Levanta el motivo de una fotografía y muerde todo lo demás.

Suelta una fotografía sobre la plancha y el motivo queda levantado en cuanto se posa. Corrige con el pincel lo que el levantado haya errado y escribe un recorte a resolución completa: tus fotografías se leen del disco, se trabajan en memoria y se escriben donde tú digas.

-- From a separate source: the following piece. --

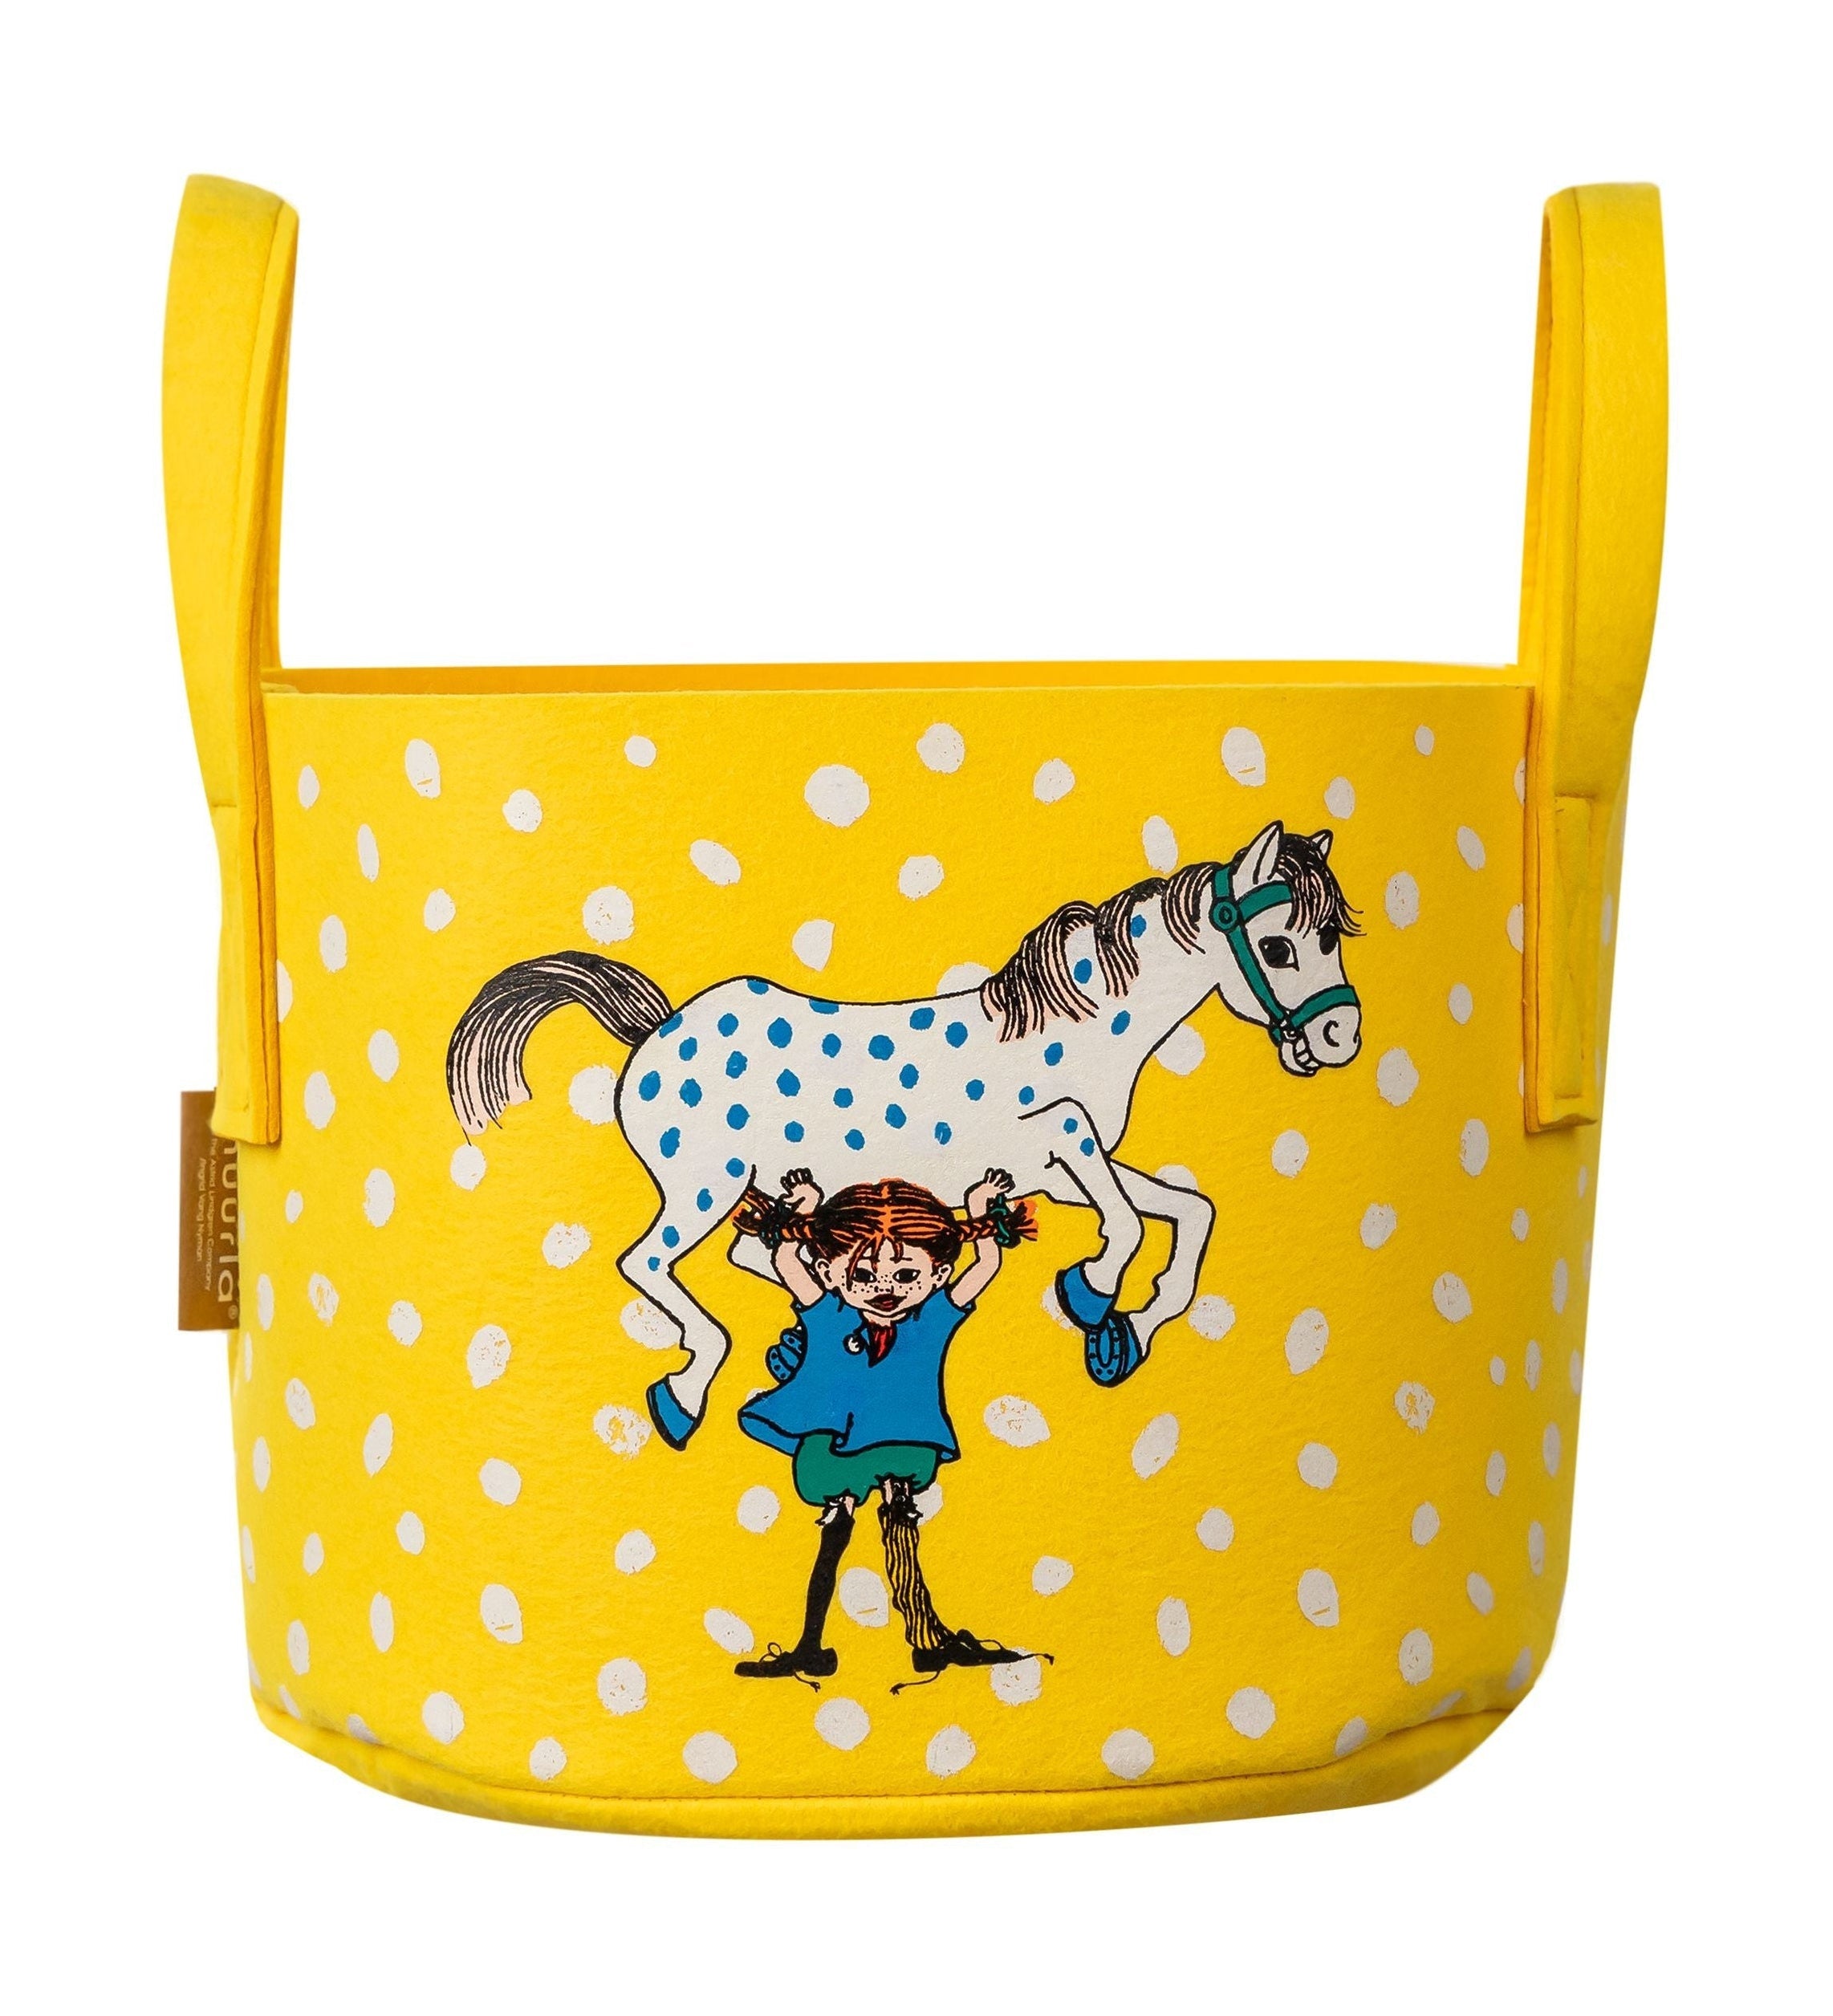 Muurla Pippi Longstocking Basket, Pippi and the Horse, Yellow

Próximamente en la Mac App Store
Lote n.º 0603 macOS Veneno
Lo que hace la dosis

Cómo muerde el fondo

I.

Una sola pasada, en esta máquina

El motivo se separa una vez, cuando la imagen se posa, con la segmentación integrada en macOS. Todo lo que viene después —fondo, borde, pincel— es inmediato, porque a nada se le pide que vuelva a pensar.

II.

La corrección es tuya

Donde el levantado se equivoca, tú lo pintas bien: añade o quita con el pincel, conserva o descarta cada motivo encontrado, afina el borde. Una fotografía con varios motivos te los ofrece por separado en lugar de adivinar a cuál te referías.

III.

Una carpeta entera, y aun así revisada

Una carpeta completa puede pasar de una vez, sin escribirse junto a nada ni sobre nada. Un archivo ilegible nunca detiene la tanda, y los resultados menos concluyentes lo dicen: así compruebas cuatro en vez de auditar cuarenta.

En el mostrador

Mordant en funcionamiento

La plancha, con el motivo levantado al llegar
Captura de muestra
La plancha, con el motivo levantado al llegar
Mal y remedio

Antes de la dosis, después de la dosis

El mal
  • Una hora con la pluma, y el pelo sigue pareciendo recortado
  • Una fotografía de 48 megapíxeles devuelta a tamaño web, con una marca encima
  • Un JPEG aplanado en silencio sobre negro donde antes estaba el fondo
La cura
  • Una sola pasada, y luego el pincel para lo que se le haya escapado
  • Resolución completa, sin marca de agua y con el espacio de color original conservado
  • Transparencia donde el formato la admite, y un relleno elegido por ti donde no
Modo de empleo

Preguntas frecuentes

¿Qué tal es el recorte?

Bueno, y no perfecto: la app se ha construido partiendo de ese supuesto, no a su alrededor. El pelo fino, el cristal, el movimiento borroso y un motivo que apenas se separa de lo que tiene detrás son casos difíciles, y hay fotografías que no tienen ningún motivo claro. Por eso el pincel está en todas las versiones, por eso existen los controles de borde y por eso una pasada por carpeta marca los resultados que merecen una segunda mirada en lugar de presentarlos todos como terminados. Eres tú quien decide que un recorte está hecho.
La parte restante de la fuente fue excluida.